To convert a complex number from the rectangular a + bi to polar form z, we use the formulas:

r = √(a² + b²)

and

φ = atan2(b, a).

If a > 0, then atan2(b, a) = arctan(b / a). However, if a < 0, then atan(b /a) does not give us the correct angle - it must be corrected by ±π to send us into the correct quadrant of the plane. Formally atan2(b, a) is defined as:

atan(b / a) if a > 0;
atan(b / a) + π if a < 0 ≤ b;
atan(b / a) - π if a,b < 0;
π/2 if a = 0 < b;
-π/2 if b < 0 = a; and
remains undefined if x = y = 0.

These are exactly the formulas behind Omni's polar form converter.

How to use this polar form calculator?

To use this polar form converter, take a complex number in the rectangular form a + bi and input a and b into the respective fields of our tool. The two ingredients of the polar form will appear immediately in their fields: the magnitude r and phase (argument) φ. Take them and write down the polar form r × exp(iφ) of your number.

This can't get any easier!

Omni tools for complex numbers

Complex numbers can find you in sooo many areas of science! Omni is well aware of that - we have built a whole collection of tools addressing different problems related to complex numbers. Make sure to check out at least a few of the following tools:

FAQs

How do I convert from trigonometric to polar form?

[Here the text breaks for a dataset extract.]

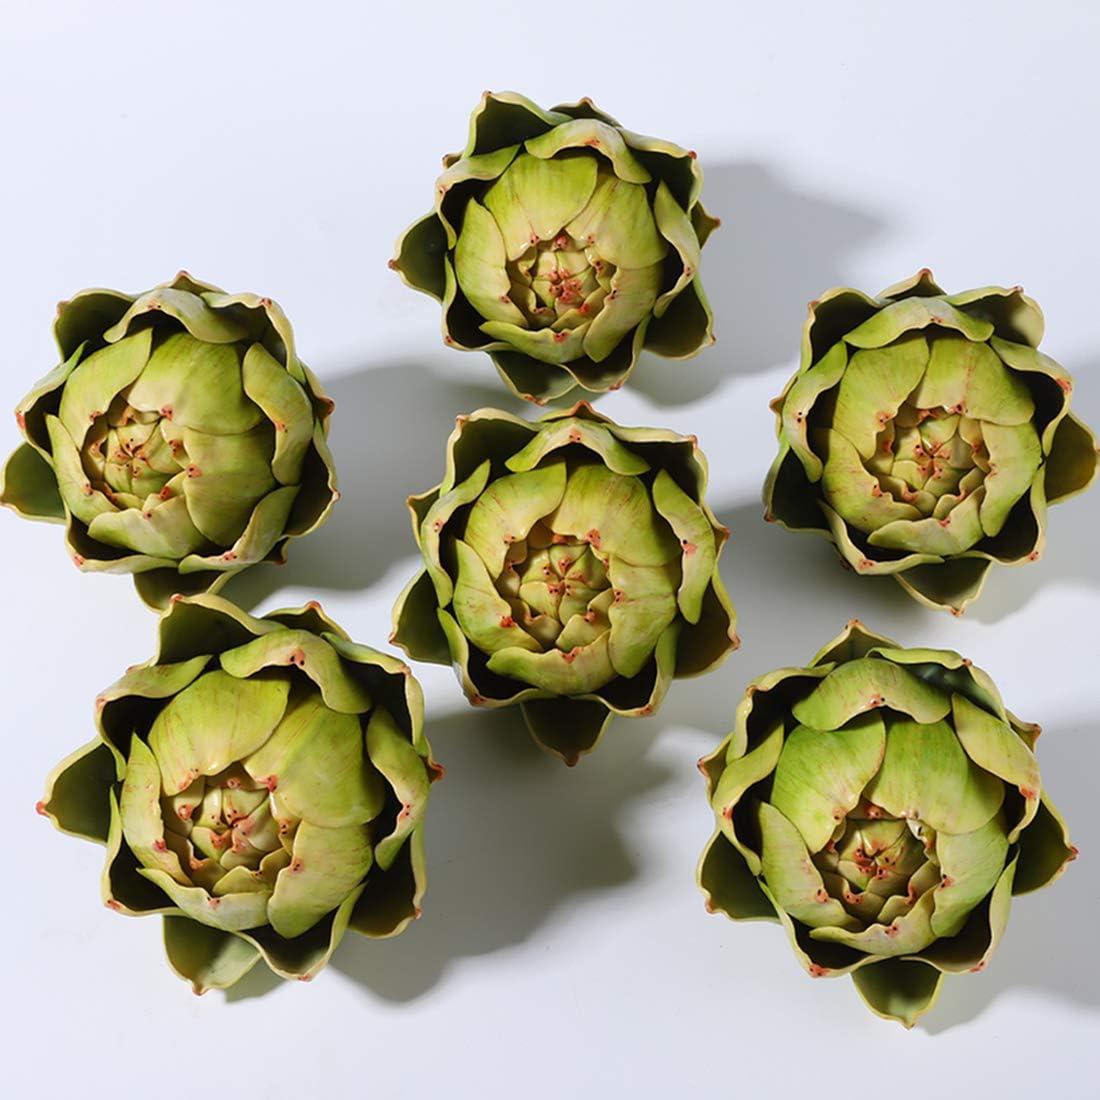 Large Green Artificial Artichoke Vegetables for Home Decor(6pcs)

To convert a complex number from trigonometric to polar form, you need to:

Make sure your number is written as z = r × cos(φ) + r × i × sin(φ)].
Extract the magnitude r and the argument φ.
Write down your number as r × exp(φi).
If in doubt, use an online polar form calculator.

What is the polar form of -1?

The answer is exp(πi). To derive this answer, observe that the modulus (magnitude) of -1 is equal to 1. Next, we must determine φ such that cos(φ) = -1 and sin(φ) = 0. We easily verify that φ = π satisfies these conditions. Hence, the whole number reads 1 × exp(πi), as claimed.